I was a bit confused by the title, and would therefore like to add my name, as it were, to the question asked by the noble Baroness, Lady Janke, about why the Government did not go down the holistic route of looking at multiple measures that give a full picture of the employer resources rather than this one very narrow picture which is only a backward snapshot.
I have two other questions that relate to the discussions we had at the time of the Pension Schemes Bill. This instrument is obviously relevant to the subject of dividends that companies with deficits pay. The noble Baroness will remember that we had quite a lot of discussions about that back then. Indeed, the Minister at the time agreed that the Government would keep the question of dividend payments by companies in deficit under review.
I have two questions. First, can the Minister explain what assessment the Government have made of the impact that these regulations might have on the ability of companies to pay dividends? There has been some speculation in the press that it might significantly depress the payment of dividends by companies, something which on the whole is a good thing, but there could be situations where that could be a negative. Secondly, I would welcome confirmation from the Minister that the Government are still keeping under review the question of payment of dividends by companies that have deficits, as they promised.

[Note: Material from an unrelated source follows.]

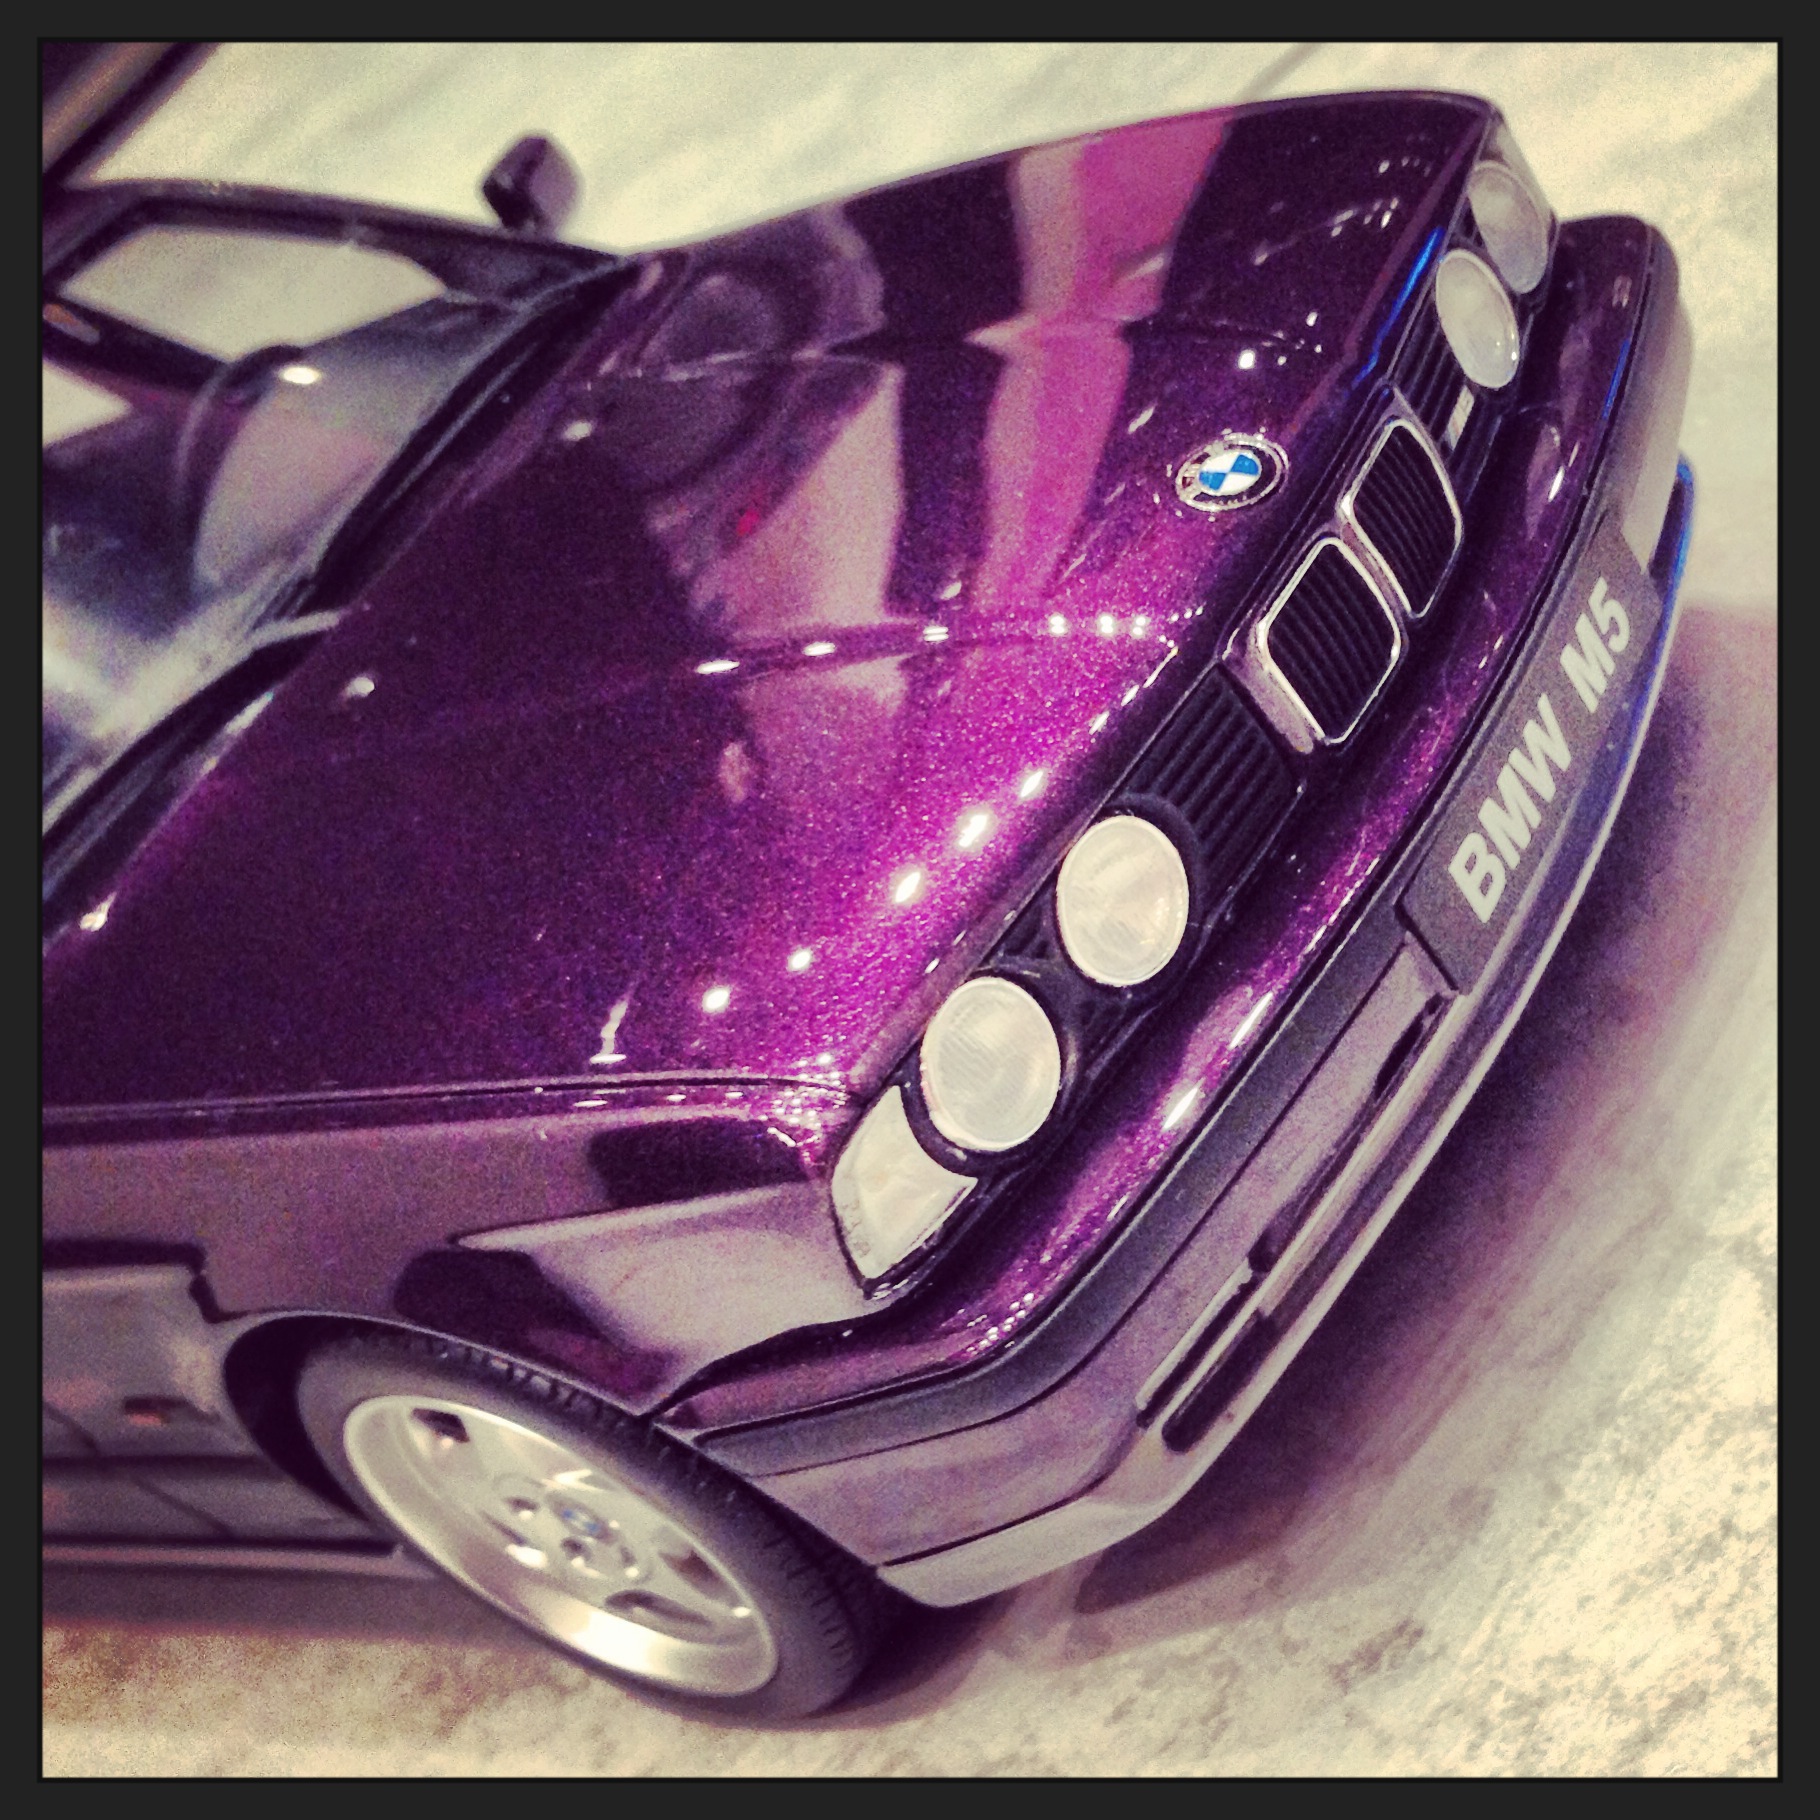 BMW M5 (E34) daytona violet, le 949 of 3,000pcs. (otto)

I am glad that it was an accountant who made the comment that profits can be whatever you want them to be, which was my concern. However, I am struggling to grasp what role this is playing. In some ways, I suspect that we could overengineer the definition of “resources” and make it very complicated. There are strong arguments for keeping it as simple as possible so that the regulator can take a holistic view. This is what I understood the process to be. My guess is that the regulations will enable the regulator to do what we always thought it could do in the first place, and it tripped over some regulatory legal point. There are strong arguments in favour of keeping it simple and leaving it essentially to the judgment of the regulator.

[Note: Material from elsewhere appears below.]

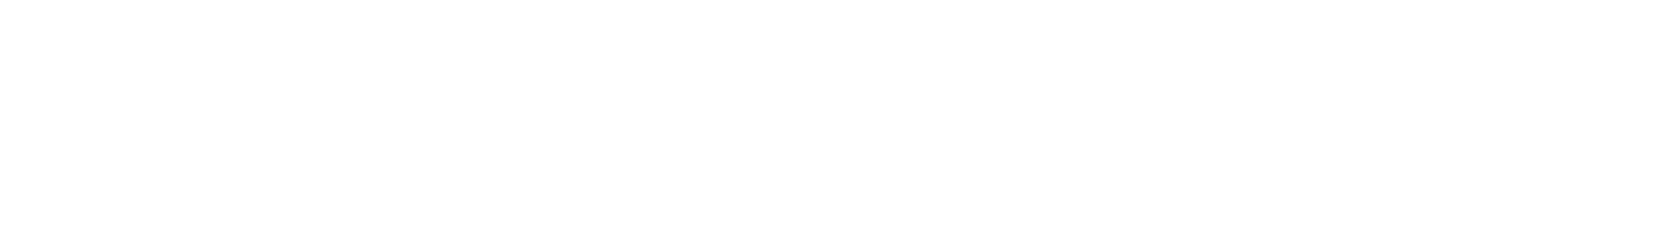 Career Concepts logo (white)

Whenever I mention the regulator, I have to add my qualification that of course it does not represent scheme members in any way. It does not have the accumulated knowledge of unions and employers who actually do the business of agreeing pension schemes. I have questions about the Pensions Regulator but the ideal should be a Pensions Regulator that knows the field and can apply the test proportionately.
I have one specific question. I have no idea what this means. Regulation 4(8) says that
“the Regulator must take into account all relevant information in its possession”.
Well, yes, it is not going to take into account information that is not in its possession. However, it goes on to use the word “verification”. I am not sure what “verification” is doing in that paragraph.